One end goal is for state._handles to follow the same order for both the wrapper and composable paths. This implies that _get_fsdp_handles() returns the same value for both paths.

The helper function _get_fully_sharded_module_to_states() now follows a left-to-right DFS from each fully sharded module instead of a BFS. The left-to-right DFS follows .modules() order.
The composable auto "wrap" initialization function _init_param_handles_from_module() follows the reverse left-to-right DFS order. As noted in the code comments, this initialization order is a valid reverse topological sort, but it differs from the wrapper path.

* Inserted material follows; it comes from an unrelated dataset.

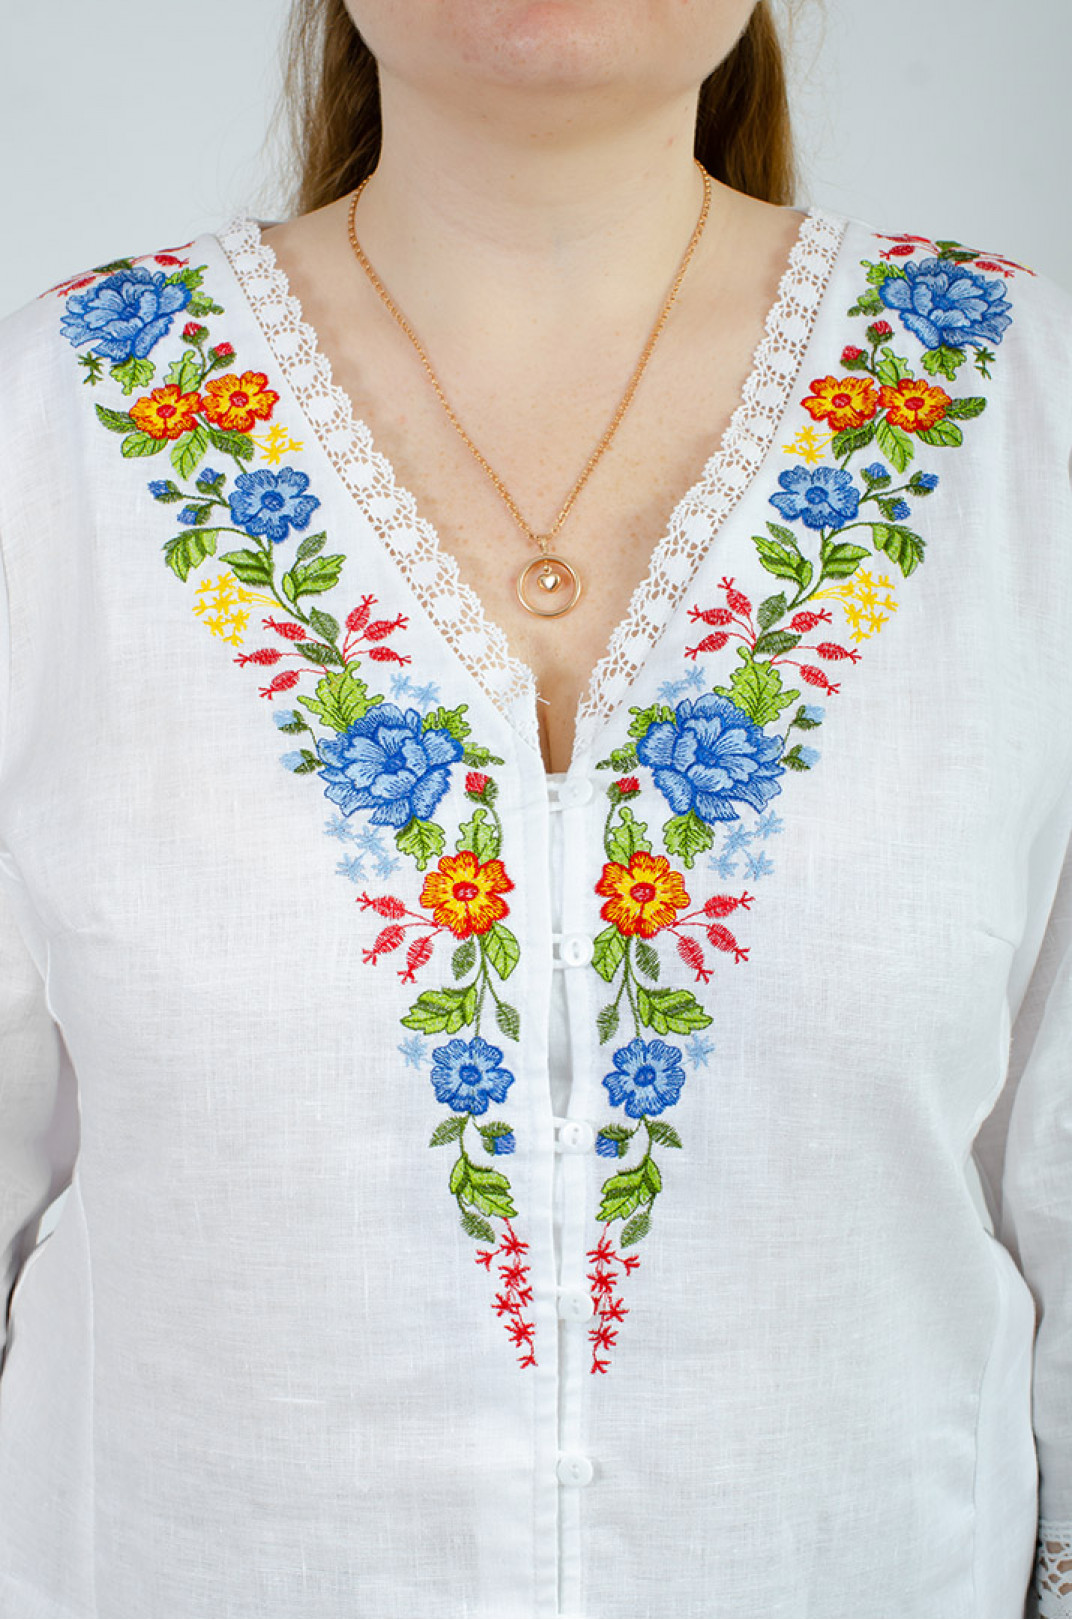 Вышиванка-блуза с кружевом больших размеров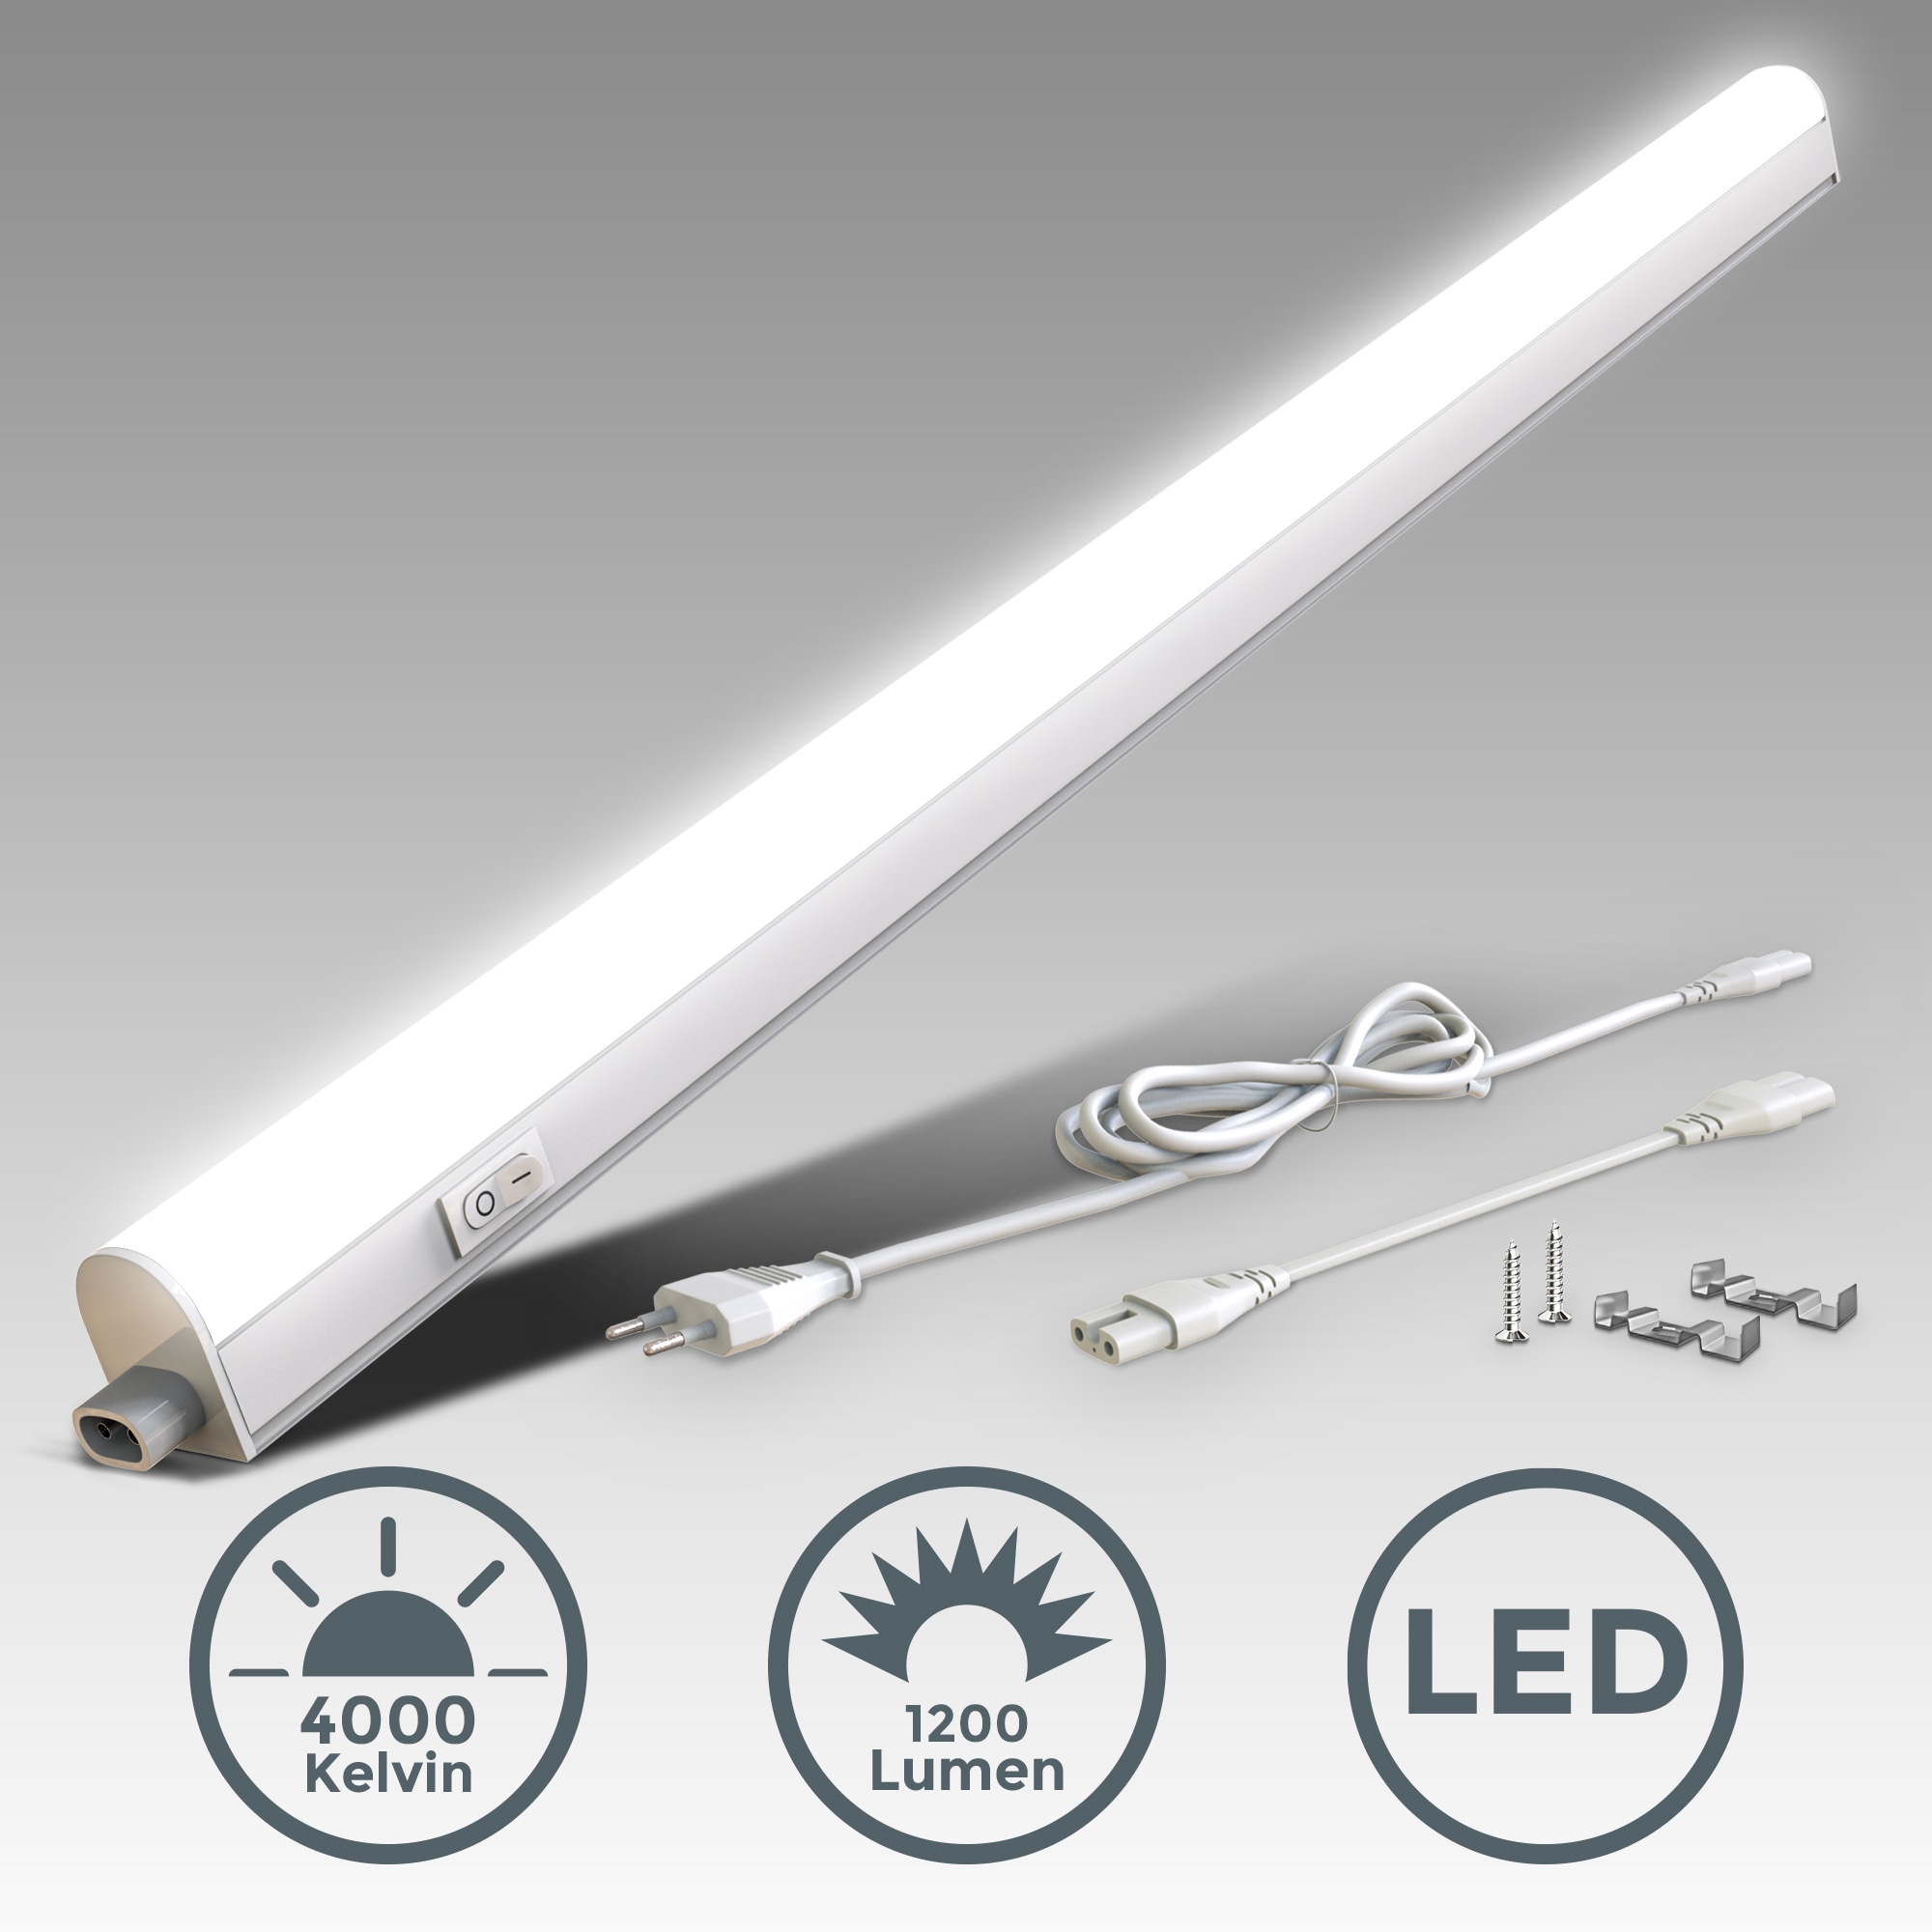 B.K.Licht LED Unterschrankleuchte, Kunststoff, weiß, inkl. 1 x LED-Platine,  15 Watt, 1.200 Lumen, 4.000 Kelvin, nicht dimmbar, inkl. Ein-/Aus-Schalter,  inkl. Zuleitung 1,8m kaufen bei OTTO

This is the only difference with respect to initialization order through the entire process.

mod: Module(
    submod1: Submodule()
    submod2: Submodule(
        subsubmod: Subsubmodule(),
    ),
)

For left-to-right DFS, the order is mod, submod1, submod2, subsubmod. (For context, right-to-left DFS would be mod, submod2, subsubmod, submod1. In other words, the left-to-right vs. right-to-left corresponds to .children() vs. reversed(.children()) respectively.) Then, reverse left-to-right DFS is subsubmod, submod2, submod1, mod, which is a valid initialization order. However, the wrapper auto wrap initialization order would be submod1, subsubmod, submod2, mod since it directly follows a left-to-right DFS and initializes as a part of the recursive DFS logic.

At the end of _init_param_handles_from_module(), we reverse the newly populated state._handles, so this is the reverse reverse left-to-right DFS order, which is equivalent to the left-to-right DFS order. Thus, state._handles has the same order for both paths.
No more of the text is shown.